The dental wing of R. L. Jalappa Hospital was established in the year 1995 as a service-providing department The department plays an important role in society which provides preventive, restorative, and curative clinical services i.e., comprehensive care to the public. Urbanization, increasing levels of education and standard of living, and better health consciousness have made the dental department an important discipline in the medical college.
Maxillofacial Surgery is a specialty of dentistry with services in this field having started in the year 2000 in R L Jalappa Hospital. It deals with surgical management of diseases, injuries, and deformities of the jaws and associated oral and facial structures. At RLJH, fractures of the facial bones are treated exclusively by maxillofacial surgeons, in association with other specialties in polytrauma patients. Discrepancies in jaw size and position are corrected by orthognathic surgical procedures and surgeries for treatment of benign tumors, cystic lesions, and temporomandibular joint disorders are routinely performed by the department.
“To Alleviate Oral Suffering”.
“To Provide Quality Oral Health Care With Compassion”
The Dental Department at RLJalappa Hospital is a tertiary care center providing services at an affordable cost to all sections of society in and around Kolar District. The department is managed by specialists providing quality treatment. The hospital is strategically located on the national highway providing treatment for road traffic accident cases with maxillofacial injuries. Patients can avail treatment in the hospital under various government schemes if they have the necessary documents.
|1||Dr. Deepika Kenkere||Oral & Maxillofacial Surgery||Professor & HOD|
|2||Dr. Mallika P Reddy||Oral & Maxillofacial Surgery||Associate Professor|
|3||Dr. Deepa.C||Periodontology||Reader/Associate Professor|
|4||Dr.Harshitha.K.R||Oral & Maxillofacial Surgery||Associate Professor|
|5||Dr. Srinath.K.S||Dental Surgeon||Senior Resident|
CASE 1: Dental Fluorosis Treatment
Kolar district is endemic for fluorosis and dental fluorosis is a common condition encountered in the dental department. Patients approach us in different stages of fluorosis for treatment.
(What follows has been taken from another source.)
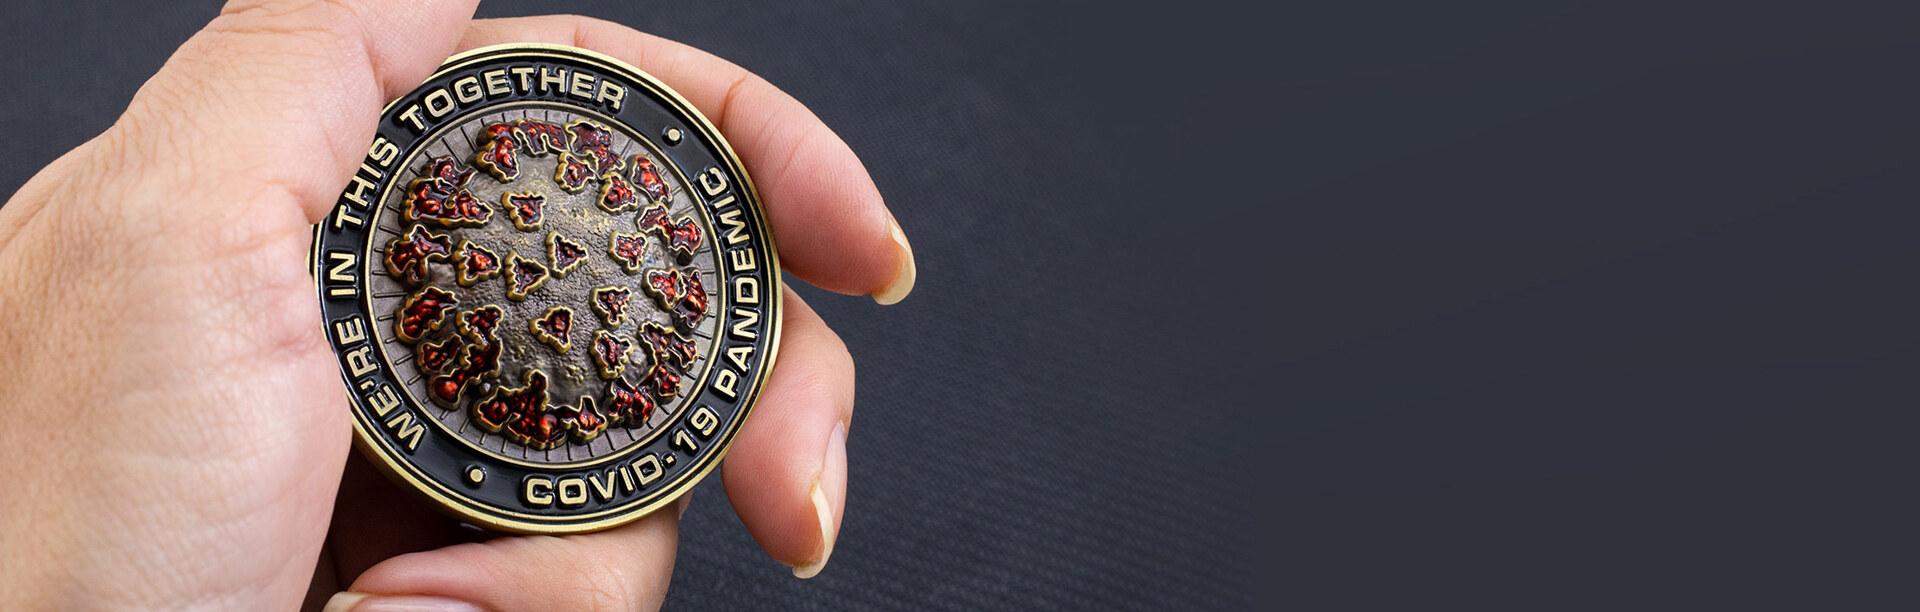 covid-stock-coin

CASE 2: Treatment of Fractured tooth
The fractured upper front tooth is commonly encountered in adolescents and adults as they are actively involved in contact sports, falls, or road traffic accidents. This affects the esthetics and can have a social & psychological impact on the individual. A fractured tooth can be restored either by direct cementation of the broken tooth structure or by fabrication of an artificial tooth in the laboratory.
CASE 3: Treatment of Gingival Recession
Treatment of ‘elongated tooth’ is one of the periodontal (supporting structure of tooth) esthetic procedures carried out in the dental department.
CASE 4: Treatment with Dental Implants
Research and innovation in the field of dentistry has lead to the introduction of dental implants as a modality of oral rehabilitation in patients with missing teeth. Dental implants are artificial biocompatible screws that are inserted into the jaw bone which mimic the root structure of a tooth. This implant supports an artificial crown that performs the function of any natural tooth in the oral cavity.
Cases presenting with missing teeth are replaced using a two-stage dental implant procedure, where the crowns are placed after 4-6months of Osseointegration of the implants.
CASE 5: TMJ Ankylosis treatment
12-year-old Kavita(name changed) sustained an injury to her lower jaw 4yrs ago. This resulted in progressive inability to open her mouth leading to a ‘locked jaw’ which in medical terms is called ‘TMJ ankylosis’. This hindered her basic functions of eating and maintaining oral hygiene resulting in poor nutritional status and multiple dental ailments.
Kavita was operated upon to release her TMJ ankylosis following which she was able to open her mouth just like any other normal individual
CASE 6: Management of Maxillary Cyst
Bhayva(name changed) had a swelling in her upper jaw for which she had undergone a procedure at her native town. She reported to RLJH&RC because the swelling had recurred. After necessary investigations, she was diagnosed as having an ‘Odontogenic cyst’. The cyst was enucleated under general anaesthesia.
CASE 7: Fracture Midface and Mandible
Fractures of various facial bones treated with open reduction and internal fixation using mini plates.
CASE 8: Orthognathic surgery
Case9: Palatal Obturator
Palatal Obturator is given in cases of maxillectomy perform either for oncological reasons or infections.
A case of right total maxillectomy rehabilitated using palatal obturator.